AI Engines provide high compute density through large amount of VLIW and SIMD compute units by connecting with each other through innovative memory and AXI4-Stream networks. When targeting an application on AI Engine, it is important to evaluate the compute needs of the AI Engine and data throughput requirements. For example, how the AI Engine interacts with PL kernels and external DDR memory.
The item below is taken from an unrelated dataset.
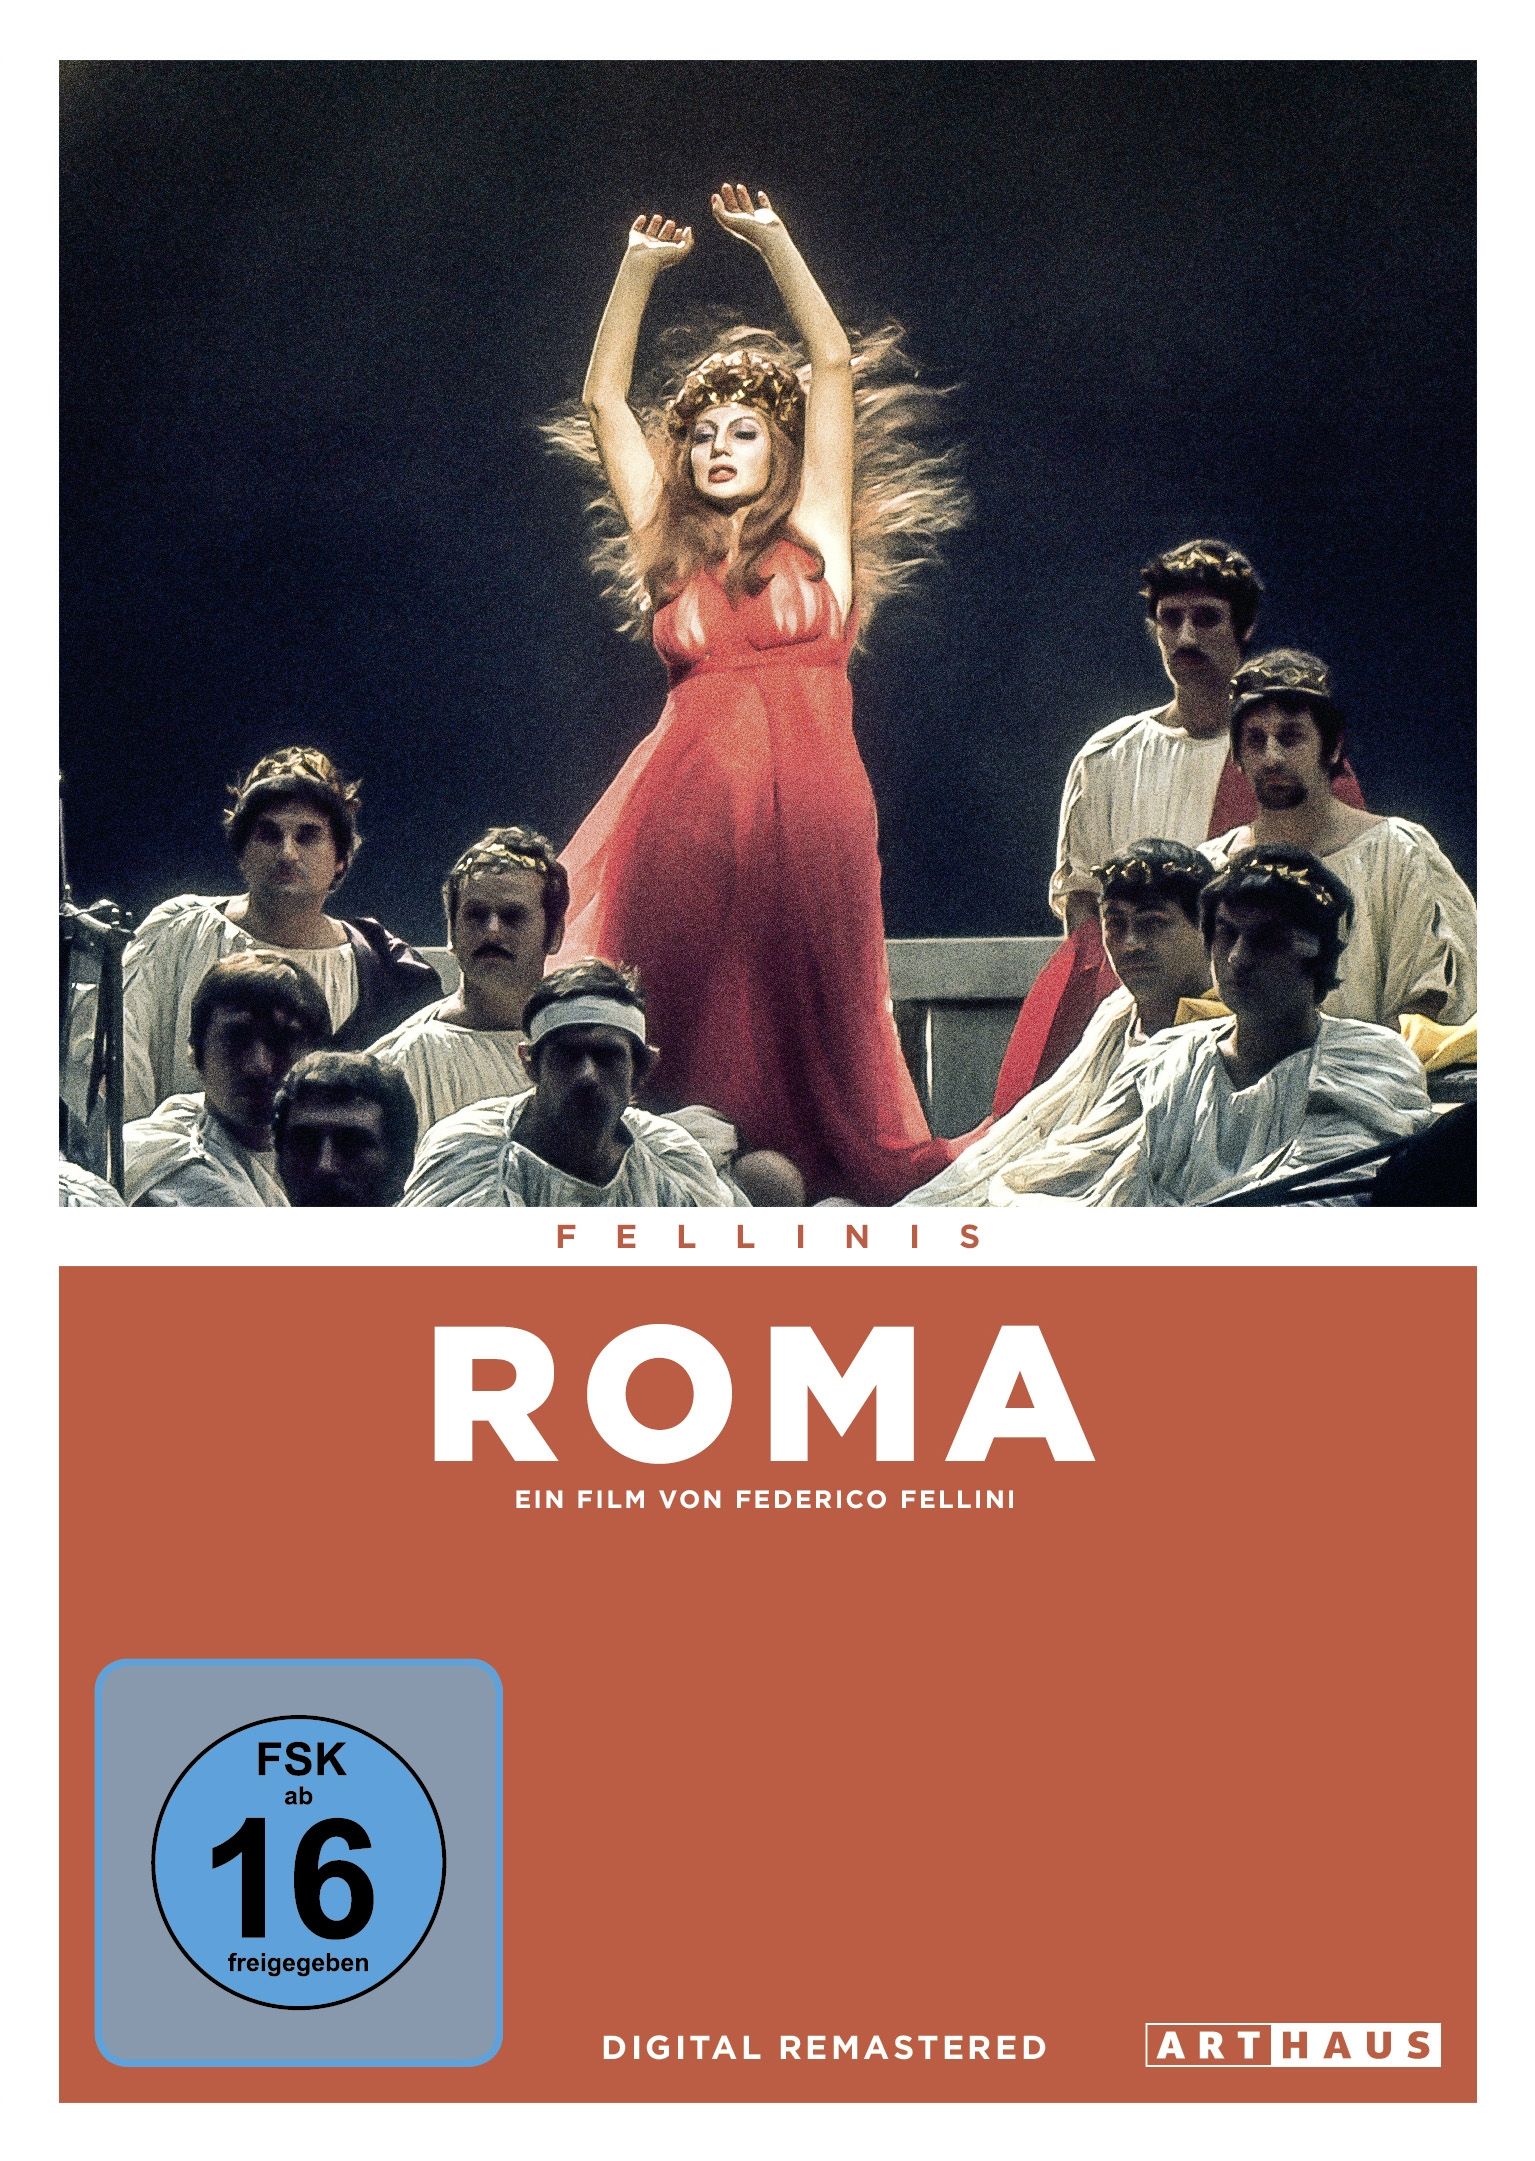 Fellinis Roma (Digital Remastered)

After the compute and data throughput requirements can be met for AI Engine, the next step involves divide and conquer methods to map the algorithm into the AI Engine array. In the divide and conquer step, it is necessary to understand vector processor architecture, memory structure, AXI4-Stream, and cascade stream interfaces. This step is usually iterated multiple times. At the same time, each single AI Engine kernel is optimized and the graph is constructed and optimized iteratively. AI Engine tools are used to simulate and debug AI Engine kernels and the graph. The graph is then integrated with PL kernels, GMIO, and PS to perform system level verification and performance tuning.

In this chapter, the divide and conquer method to map the algorithm into data flow diagrams (DFD) is briefly introduced. Single kernel programming and multiple kernels programming examples are provided to illustrate how to do kernel partitioning by the compute and memory bound, single kernel vectorization and optimization, and streaming balancing between different kernels.